Journal of Adhesion, Vol.82, No.9, 887-902, 2006
Direct correlation between adhesion promotion and coupling reaction at immiscible polymer-polymer interfaces
Hugh Brown has shown that interfacial entanglements govern adhesion between two polymers. We demonstrate this for three systems by adding interfacial chains via chemical coupling. The adhesion between polypropylene (PP)/amorphous polyamide (aPA) was reinforced by the coupling reaction of maleic anhydride grafted PP (PP-g-MA) and the primary amine groups on aPA; huge increases in adhesion were observed. A good correlation between critical fracture toughness, G(c), and PP-g-MA concentration squared follows Brown's crazing mechanism. For a polystyrene (PS)/aPA interface reinforced by the coupling reaction of poly (styrene-r-maleic anhydride) (PS-r-MA)/aPA only modest adhesion increases in G(c) were observed through the whole PS-r-MA concentration range.

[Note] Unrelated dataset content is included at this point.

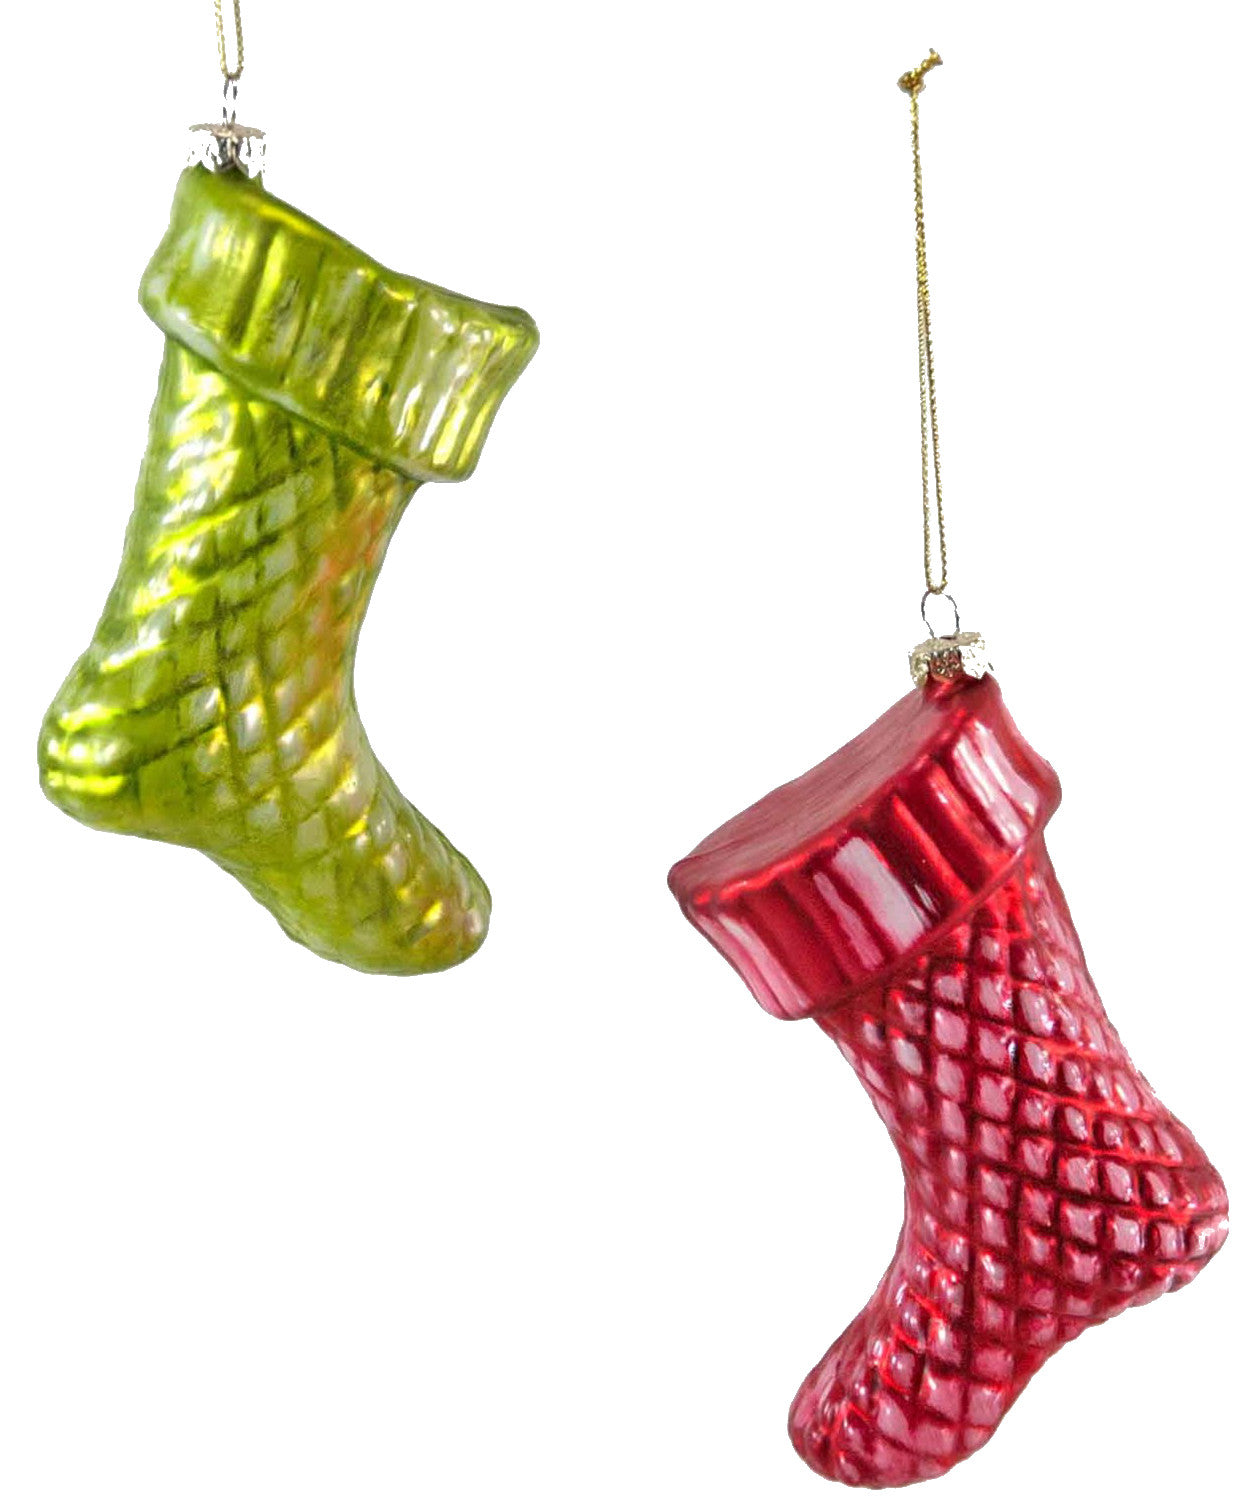 Quilted Stocking Ornaments, red and green glass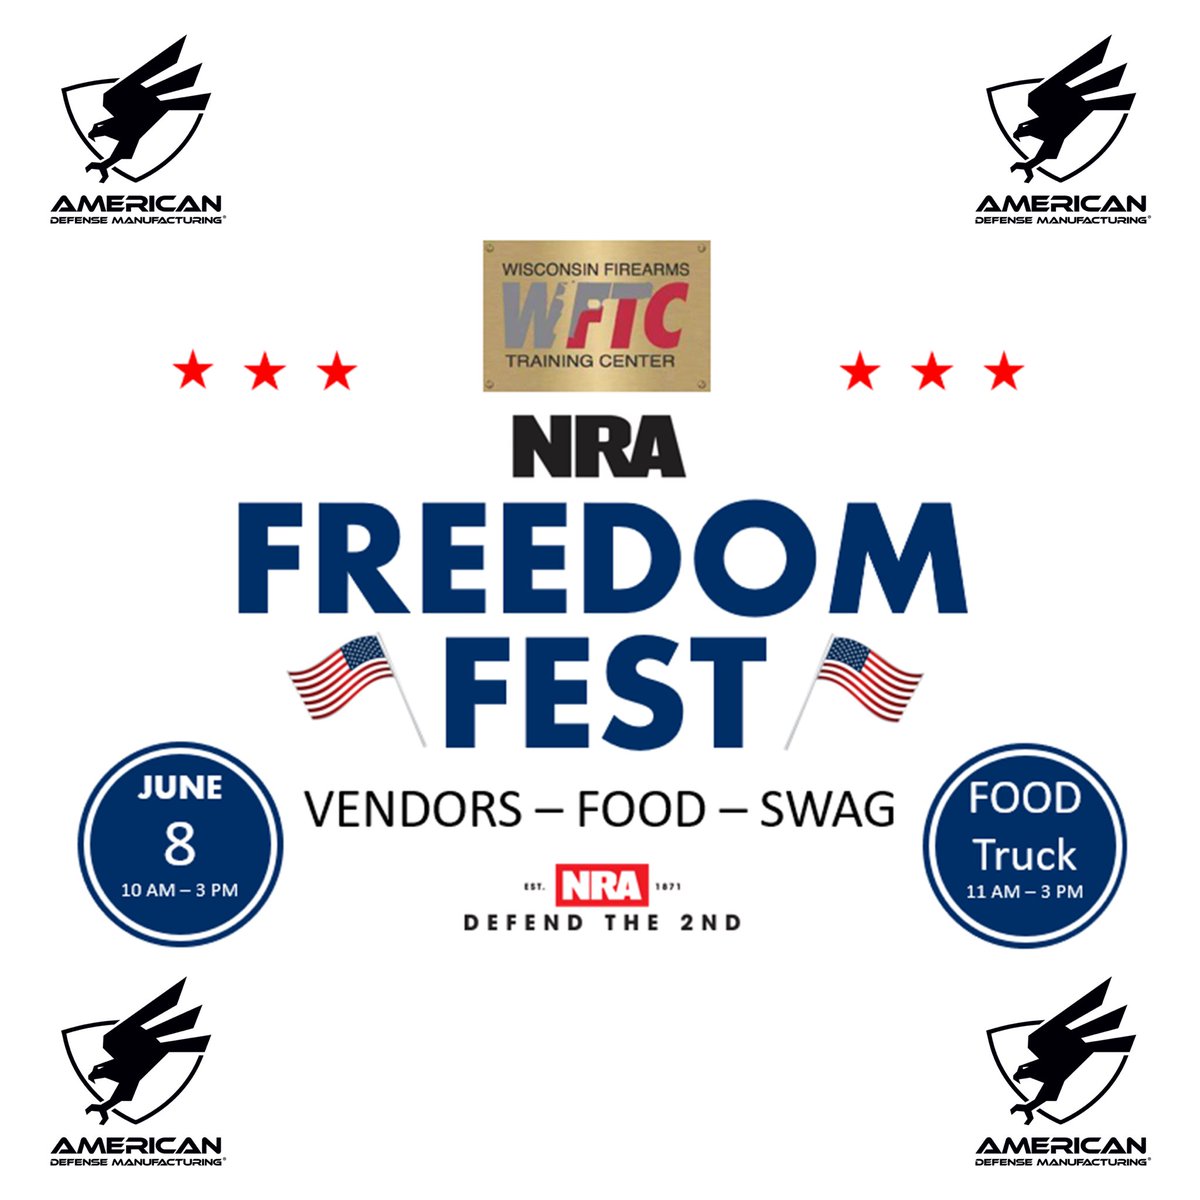 Stop by and check out our new products on display at Wisconsin Firearms Training Center in Brookfield, WI on June 8th!

This different behavior of G(c) vs. functional polymer concentration is believed to be caused by segregation of the formed graft copolymers at the interface. The relationship between G(c) and the extent of coupling was studied quantitatively with a model PS/PMMA system. The interface was reinforced by the coupling reaction of 0 - 10% PS-NH2/PMMA- anh. G(c) was measured with the asymmetric dual cantilever beam test (ADCB) and the amount of copolymer formed at the interface was determined by a fluorescence labeling technique. G(c) is low and is linear in block copolymer interfacial coverage (Sigma), indicating a chain scission mechanism. Reasonable agreement was achieved between experiment and theoretical prediction based on the energy to break C - C bonds.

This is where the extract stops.